He held her close in his embrace as though he feared that something would happen to prevent his seeing her again. He kissed the tears from her cheeks, and begged her to be calm, and to tell him about her voyage, and lastly to speak about her husband and children.
Her sobs were her only response. He grew impatient at her refusal to answer his interrogations, and then suspicions of foul play entered his imagination.
“There has been some wrong done you,” he cried, appealing to his daughter.
She answered with tears and moans.
“Speak, and tell me who has dared to injure you,” he cried vehemently. “Was it your husband?”
His brow grew threatening and black, as he put the question.
There was no reply, but his daughter clung to his neck with a more convulsive grasp, as though she feared to lose her parent also.
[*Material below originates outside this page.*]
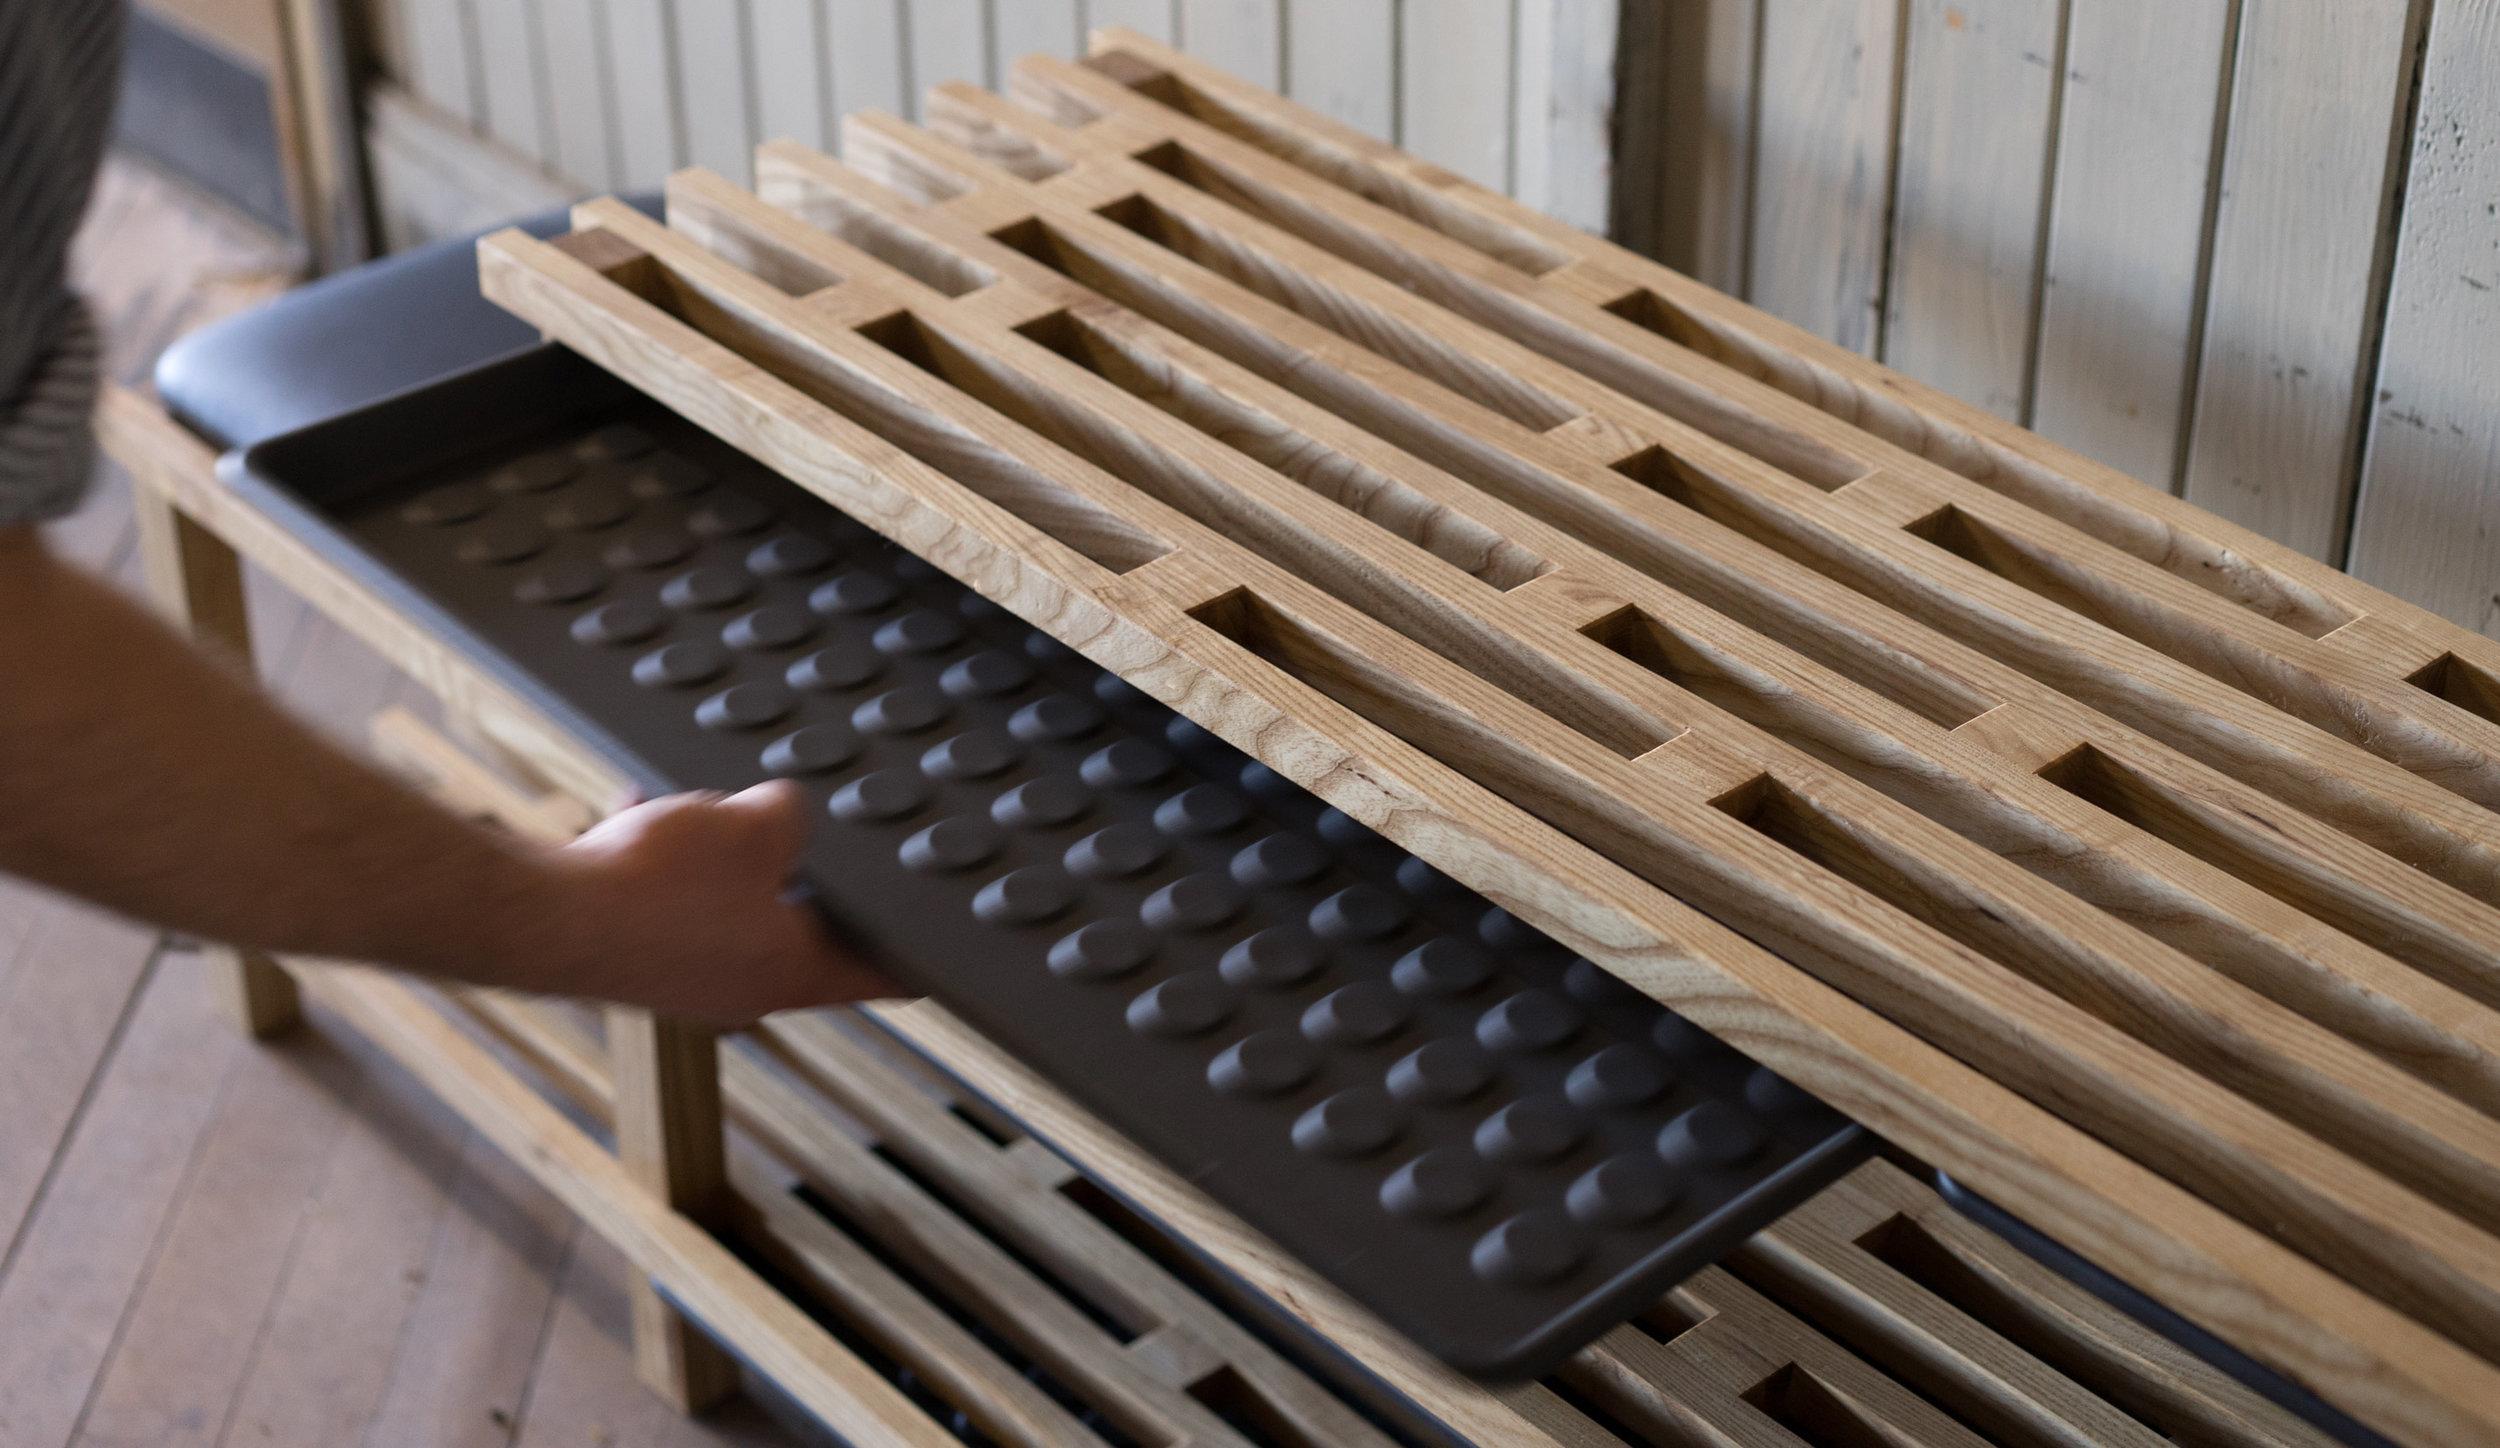 Shoe-Rack-Shelf-Trays.jpg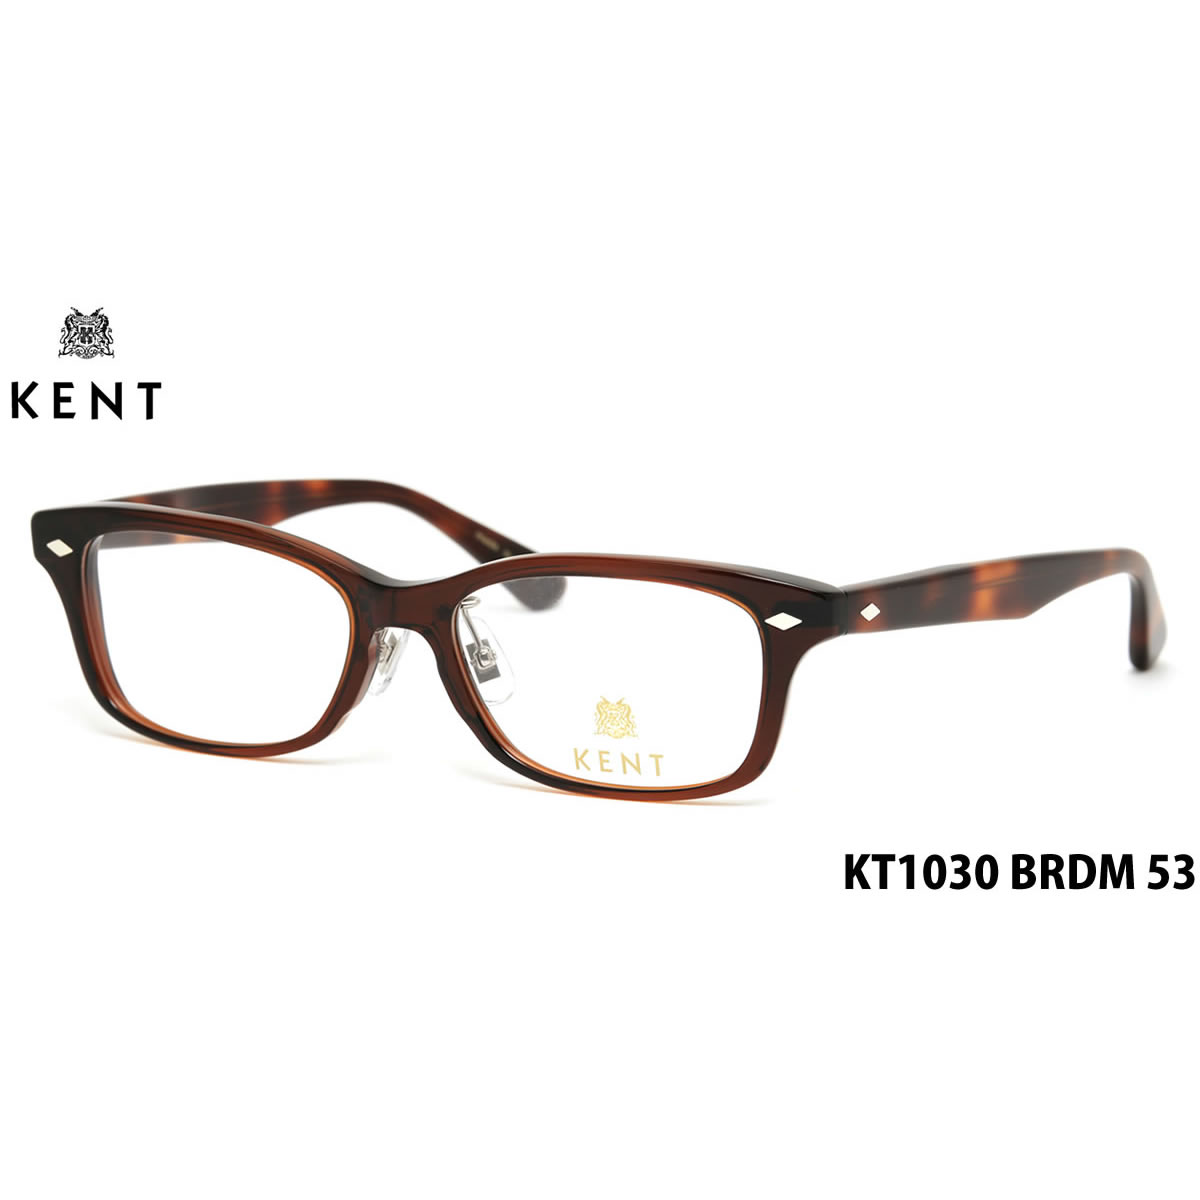 14時までのご注文は即日発送 KT1030 BRDM 53サイズ KENT ケント メガネ メンズ レディース 伊達メガネ用レンズ無料!! あす楽対応

He glanced from Smith to Fred, and from the latter to myself, as though debating whether we were the guilty party.
“Tell me,” he cried, lifting her head from his shoulder, and seeking to get a glimpse of her face, “who has wronged you?”
There was no response. He placed her gently upon the blankets, and then with a face that was livid with rage, grasped his musket which had fallen to the ground.
“Which of you has dared to do this?” he asked, and the ominous click of the lock of the gun proved that he was in earnest, and that all of his worst passions were aroused.
No one answered. I looked towards Smith, expecting to hear him explain every thing; but, to my surprise, he was silent; evidently too much astonished at the unexpected turn which the affair had assumed, to speak.
My look was misconstrued by the indignant convict, for before I could speak, the long gun was levelled at the breast of Smith, and in another moment all his hopes and fears would have been at an end, had not his child started up and rushed towards him.
“Not him!” she shouted, wildly. “O God, not him!”
He dropped the muzzle of his gun, but his fierce eyes still glared from Fred to me.
“Which of these two?”
He indicated us with a motion of the hand that held the gun, and looked in his child’s face for confirmation.
“Neither, father—so help me Heaven, neither. Without the aid of these friends I should have perished.”
He dropped the muzzle of the gun, and each of us felt thankful as he did so, for we had witnessed the accuracy of his aim the day before, and while the muzzle of the musket was pointed towards us, one of our lives was not worth insuring.
“You are tired and distressed,” the convict said, addressing his daughter with a degree of tenderness that I thought wonderful after his late outbreak.
“My head,” she murmured, “feels as though it would burst; while my heart is broken already.”
“Rest a while, until I confer with your new-found friends, and then you shall accompany me to my home. It is a hut, but it is all I have to shelter you.”